The reference group is the category against which all others are compared. Key points:
When we include a factor variable in lm(), R
automatically creates the dummy variables. The first level of the factor
is used as the reference group by default.
# Fit model with education as a factor (R creates dummies automatically)
mod_educ <- lm(menthlth_days ~ age + sex + physhlth_days + sleep_hrs + education,
data = brfss_dv)
tidy(mod_educ, conf.int = TRUE) |>
mutate(across(where(is.numeric), \(x) round(x, 4))) |>
kable(
caption = "Model with Education Dummy Variables (Reference: Less than HS)",
col.names = c("Term", "Estimate", "SE", "t", "p-value", "CI Lower", "CI Upper")
) |>
kable_styling(bootstrap_options = c("striped", "hover"), full_width = FALSE)| Term | Estimate | SE | t | p-value | CI Lower | CI Upper |
|---|---|---|---|---|---|---|
| (Intercept) | 11.1377 | 0.7390 | 15.0709 | 0.0000 | 9.6889 | 12.5865 |
| age | -0.0772 | 0.0060 | -12.9522 | 0.0000 | -0.0888 | -0.0655 |
| sexFemale | 1.6813 | 0.2075 | 8.1038 | 0.0000 | 1.2745 | 2.0880 |
| physhlth_days | 0.3112 | 0.0133 | 23.3334 | 0.0000 | 0.2850 | 0.3373 |
| sleep_hrs | -0.6281 | 0.0771 | -8.1463 | 0.0000 | -0.7793 | -0.4770 |
| educationHS graduate | -0.5873 | 0.4719 | -1.2445 | 0.2134 | -1.5125 | 0.3379 |
| educationSome college | -0.1289 | 0.4735 | -0.2723 | 0.7854 | -1.0572 | 0.7993 |
| educationCollege graduate | -1.1429 | 0.4607 | -2.4805 | 0.0132 | -2.0461 | -0.2396 |
The model is:
\[\widehat{\text{Mental Health Days}} = 11.138 + -0.077(\text{Age}) + 1.681(\text{Female}) + 0.311(\text{Phys Days}) + -0.628(\text{Sleep}) + -0.587(\text{HS grad}) + -0.129(\text{Some college}) + -1.143(\text{College grad})\]

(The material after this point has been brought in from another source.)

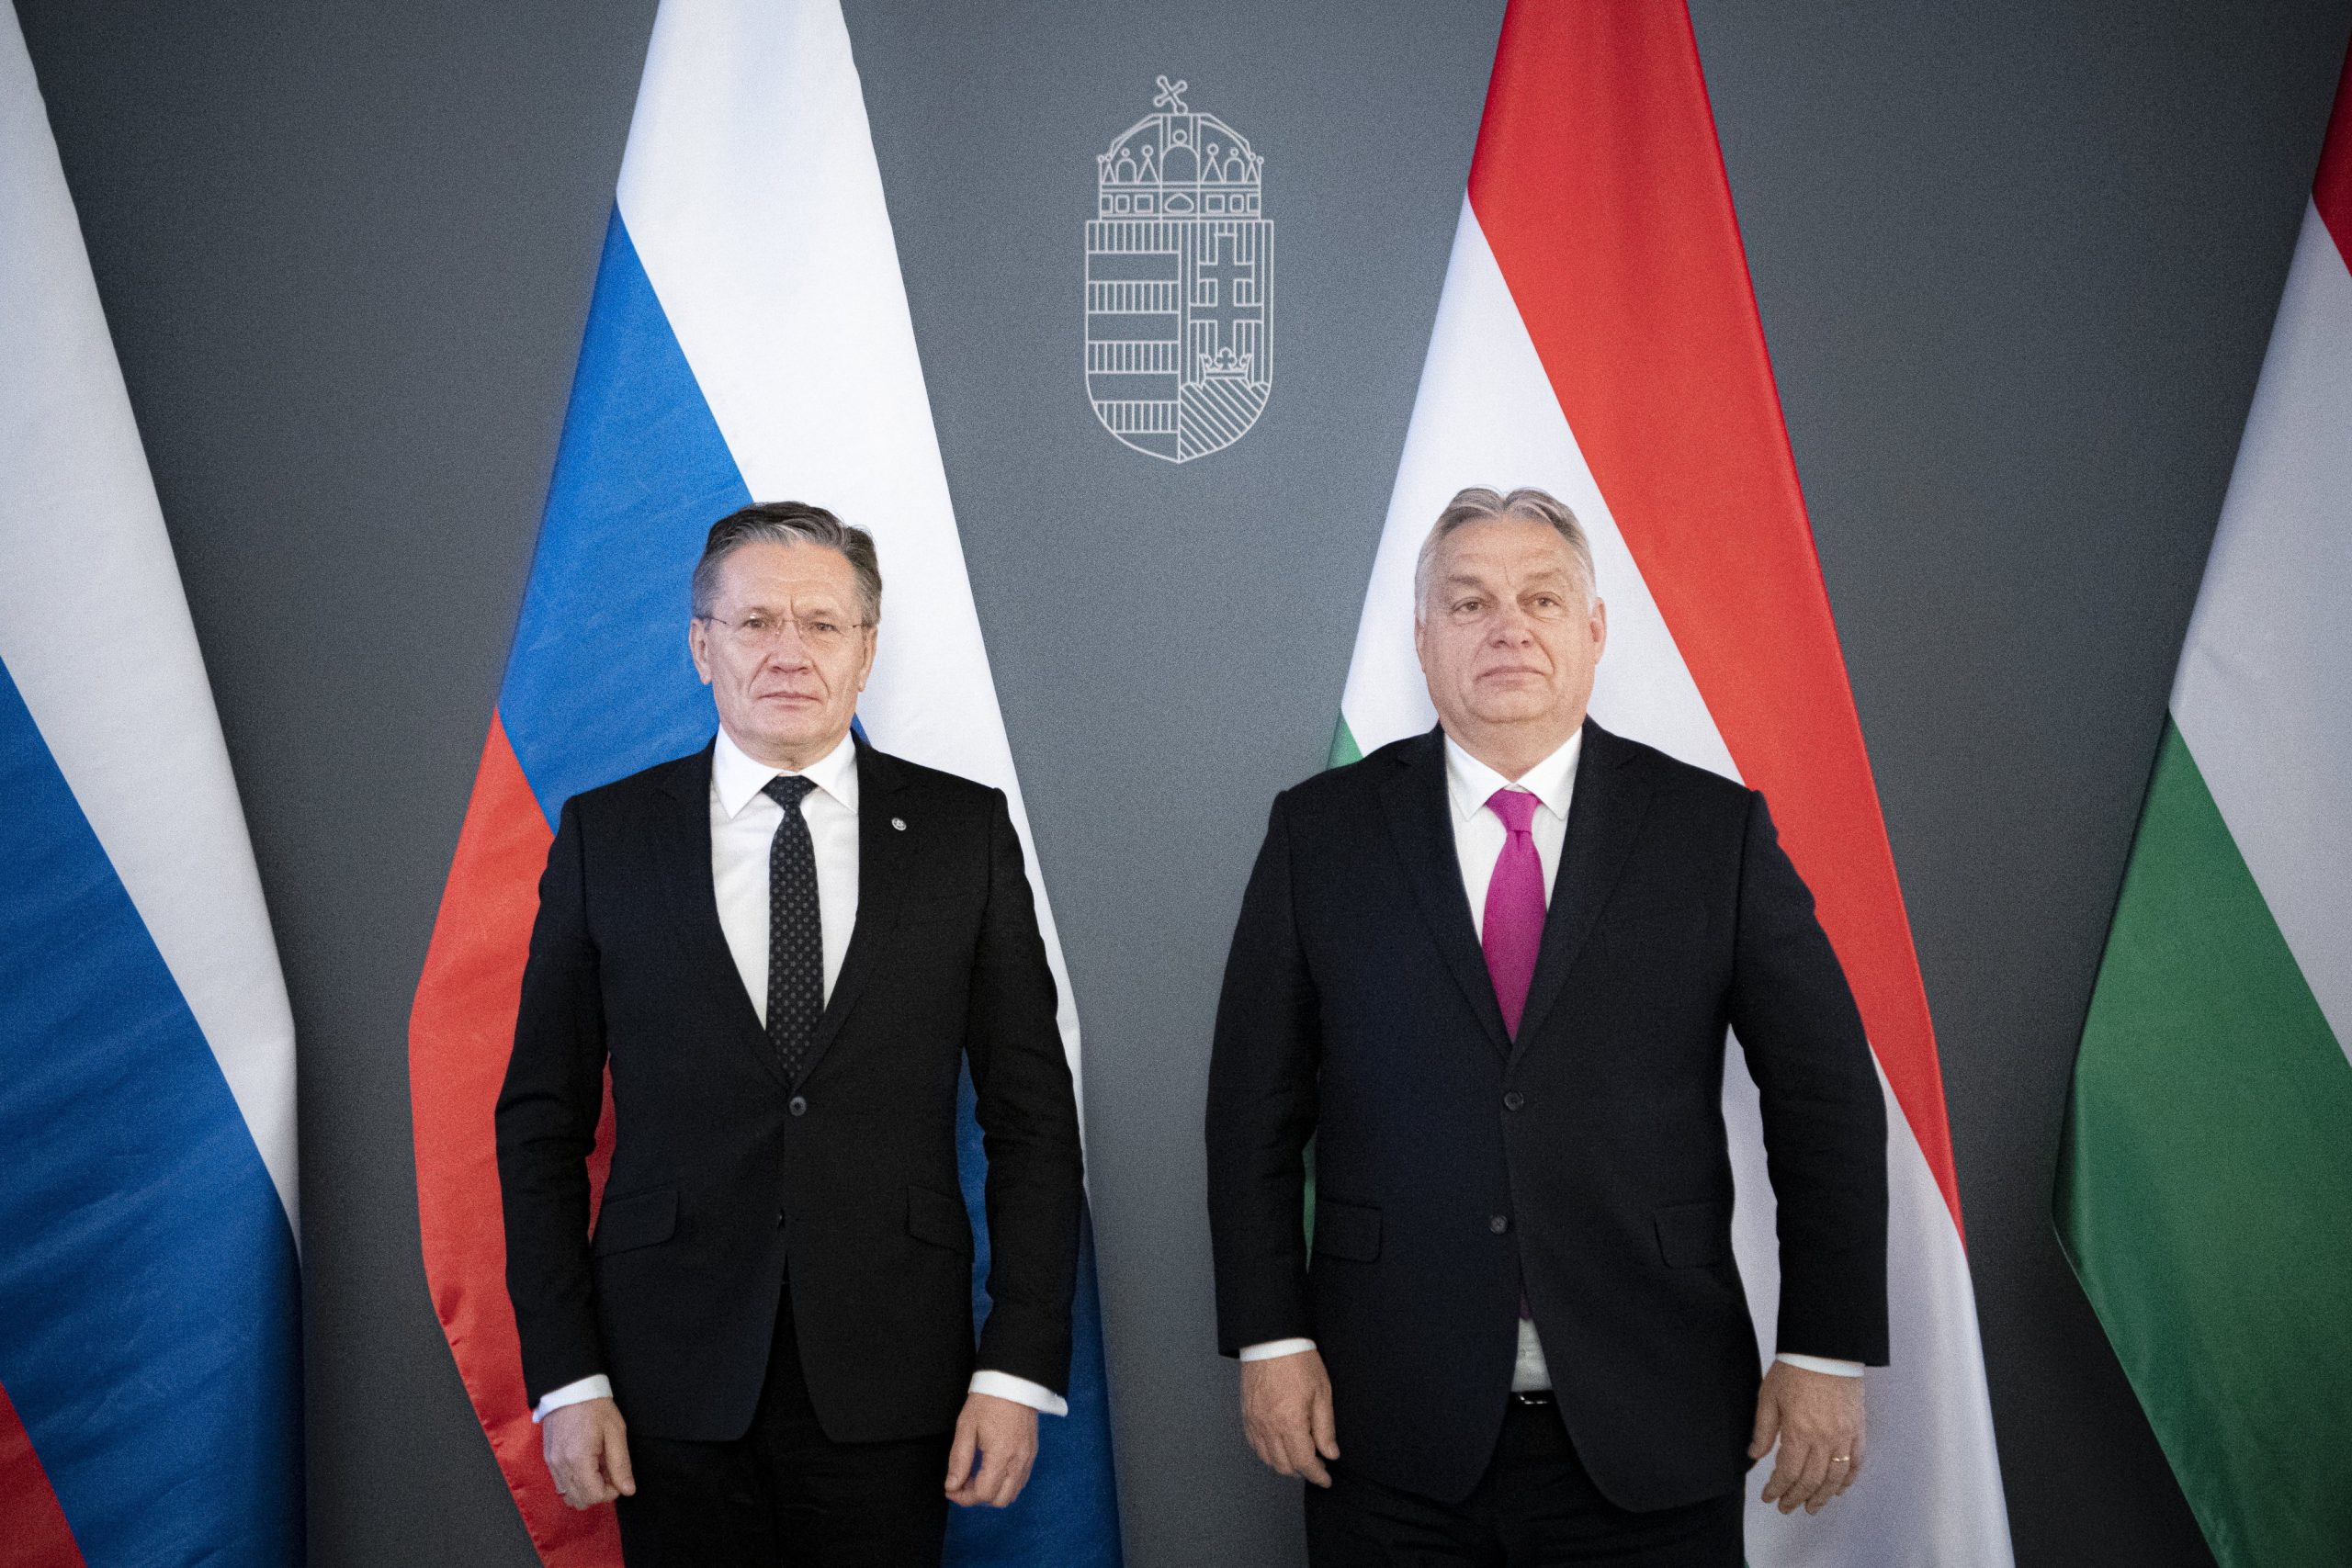 PM Orbán Discusses Paks Nuclear Plant Upgrade with Rosatom CEO

Each education coefficient represents the estimated difference in mentally unhealthy days between that group and the reference group (Less than HS), holding all other variables constant:
HS graduate (\(\hat{\beta}\) = -0.587): Compared to those with less than a high school education, HS graduates report an estimated 0.587 fewer mentally unhealthy days, holding age, sex, physical health days, and sleep constant.
Some college (\(\hat{\beta}\) = -0.129): Compared to those with less than a high school education, those with some college report an estimated 0.129 fewer mentally unhealthy days, holding all else constant.

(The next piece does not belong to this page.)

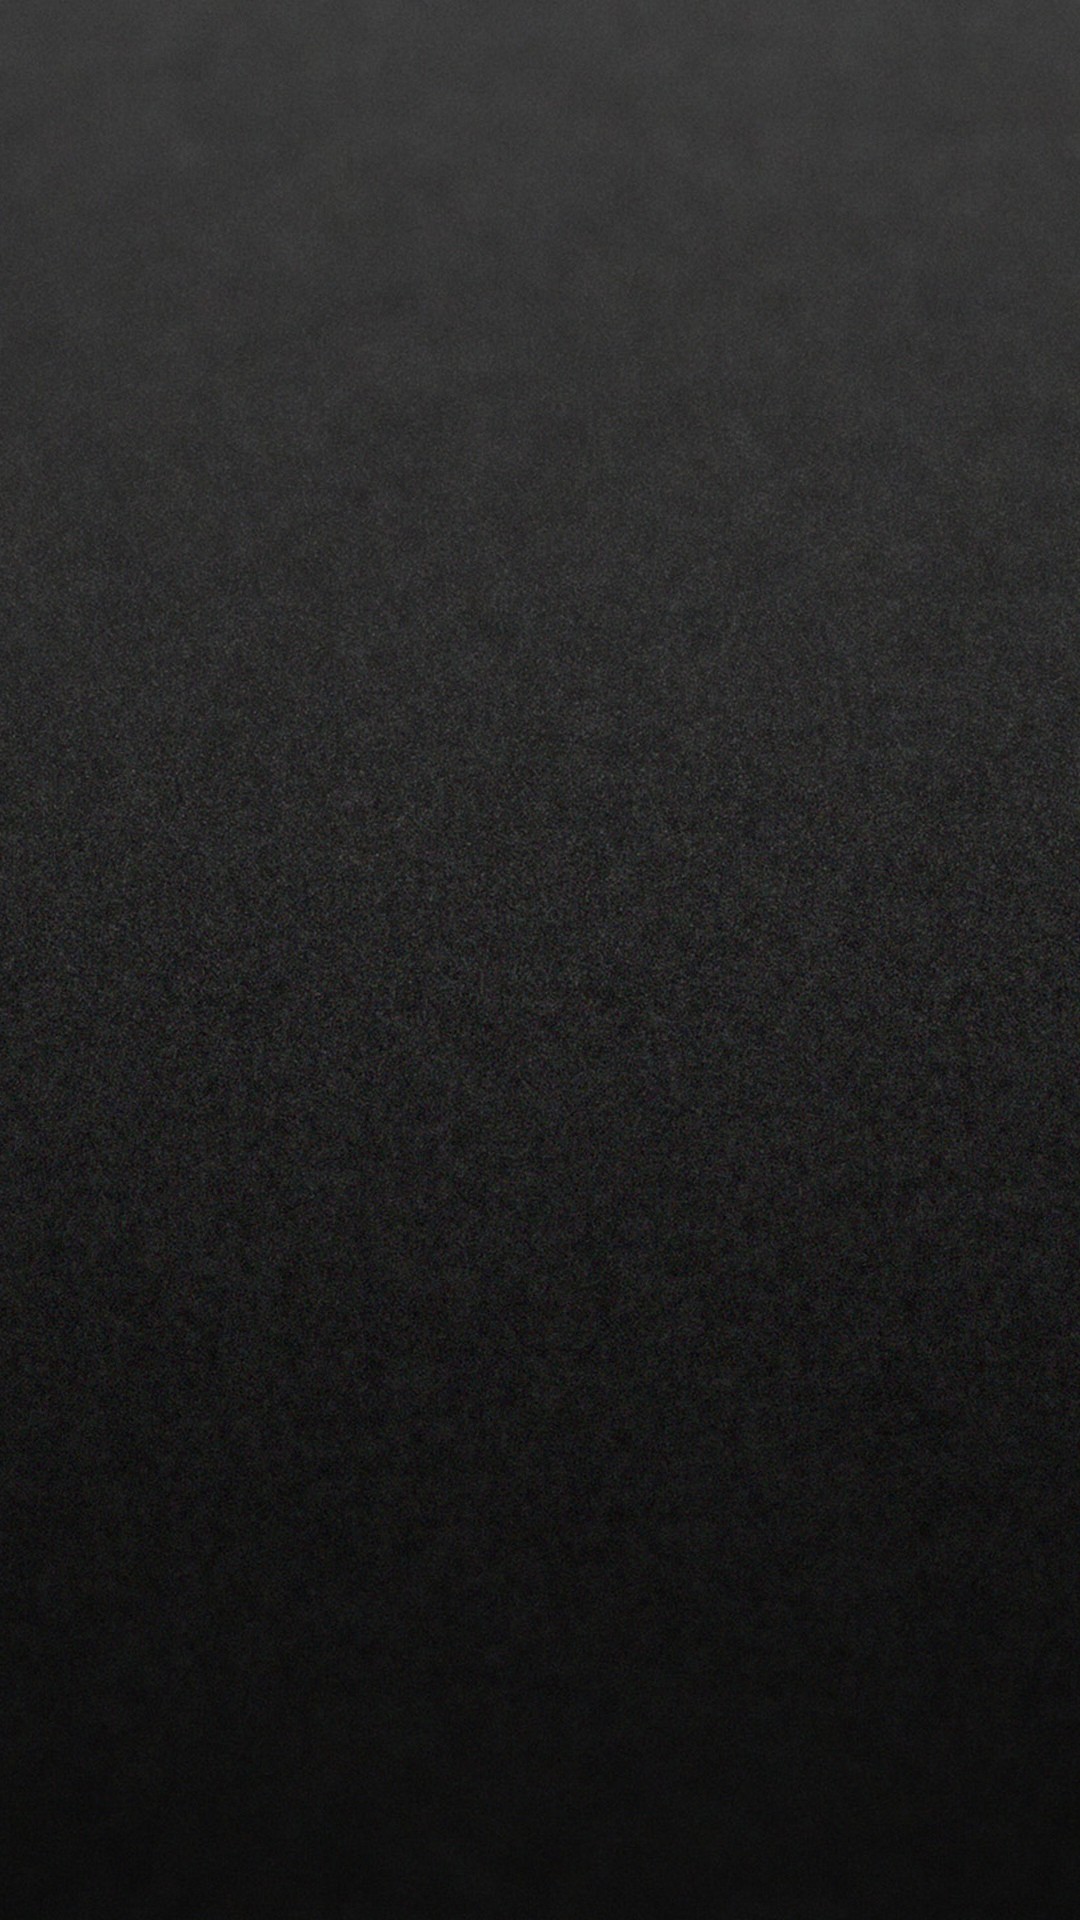 Background For Galaxy S4 With Gray Gradient Carbon Pattern 1080x1920

College graduate (\(\hat{\beta}\) = -1.143): Compared to those with less than a high school education, college graduates report an estimated 1.143 fewer mentally unhealthy days, holding all else constant.
Key pattern: All comparisons are made relative to the reference group. The coefficients do NOT directly tell us the difference between, say, HS graduates and college graduates. We would need to compute \(\hat{\beta}_{\text{HS grad}} - \hat{\beta}_{\text{College grad}}\) for that comparison (or change the reference group).
pred_educ <- ggpredict(mod_educ, terms = c("age [20:80]", "education"))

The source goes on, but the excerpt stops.